Reduction of the Pareto Set in Bicriteria Asymmetric Traveling Salesman Problem
This work addresses the problem of wide Pareto sets in multicriteria optimization for researchers and practitioners in operations research, but it is incremental as it builds on existing axiomatic methods.
The paper tackles the bicriteria asymmetric traveling salesman problem by applying an axiomatic approach to reduce the Pareto set, using a new multi-objective genetic algorithm for approximation, and experimentally shows the degree of reduction for various information quanta and instance structures.

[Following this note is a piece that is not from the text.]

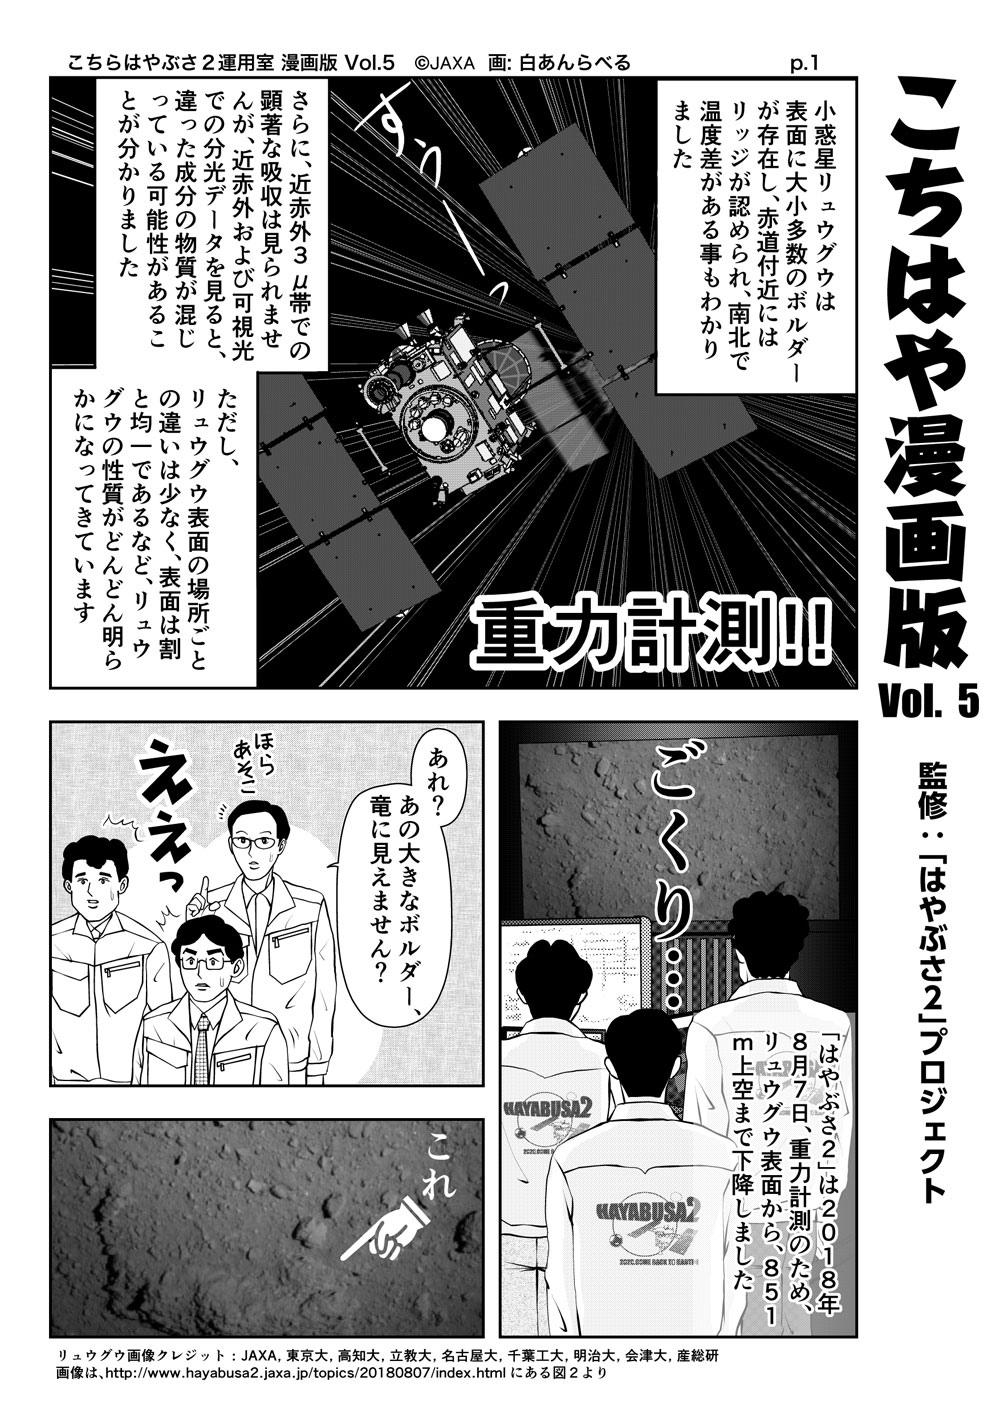 comic05_1.jpg

We consider the bicriteria asymmetric traveling salesman problem (bi-ATSP). Optimal solution to a multicriteria problem is usually supposed to be the Pareto set, which is rather wide in real-world problems. We apply to the bi-ATSP the axiomatic approach of the Pareto set reduction proposed by V. Noghin. We identify series of "quanta of information" that guarantee the reduction of the Pareto set for particular cases of the bi-ATSP. An approximation of the Pareto set to the bi-ATSP is constructed by a new multi-objective genetic algorithm. The experimental evaluation carried out in this paper shows the degree of reduction of the Pareto set approximation for various "quanta of information" and various structures of the bi-ATSP instances generated randomly.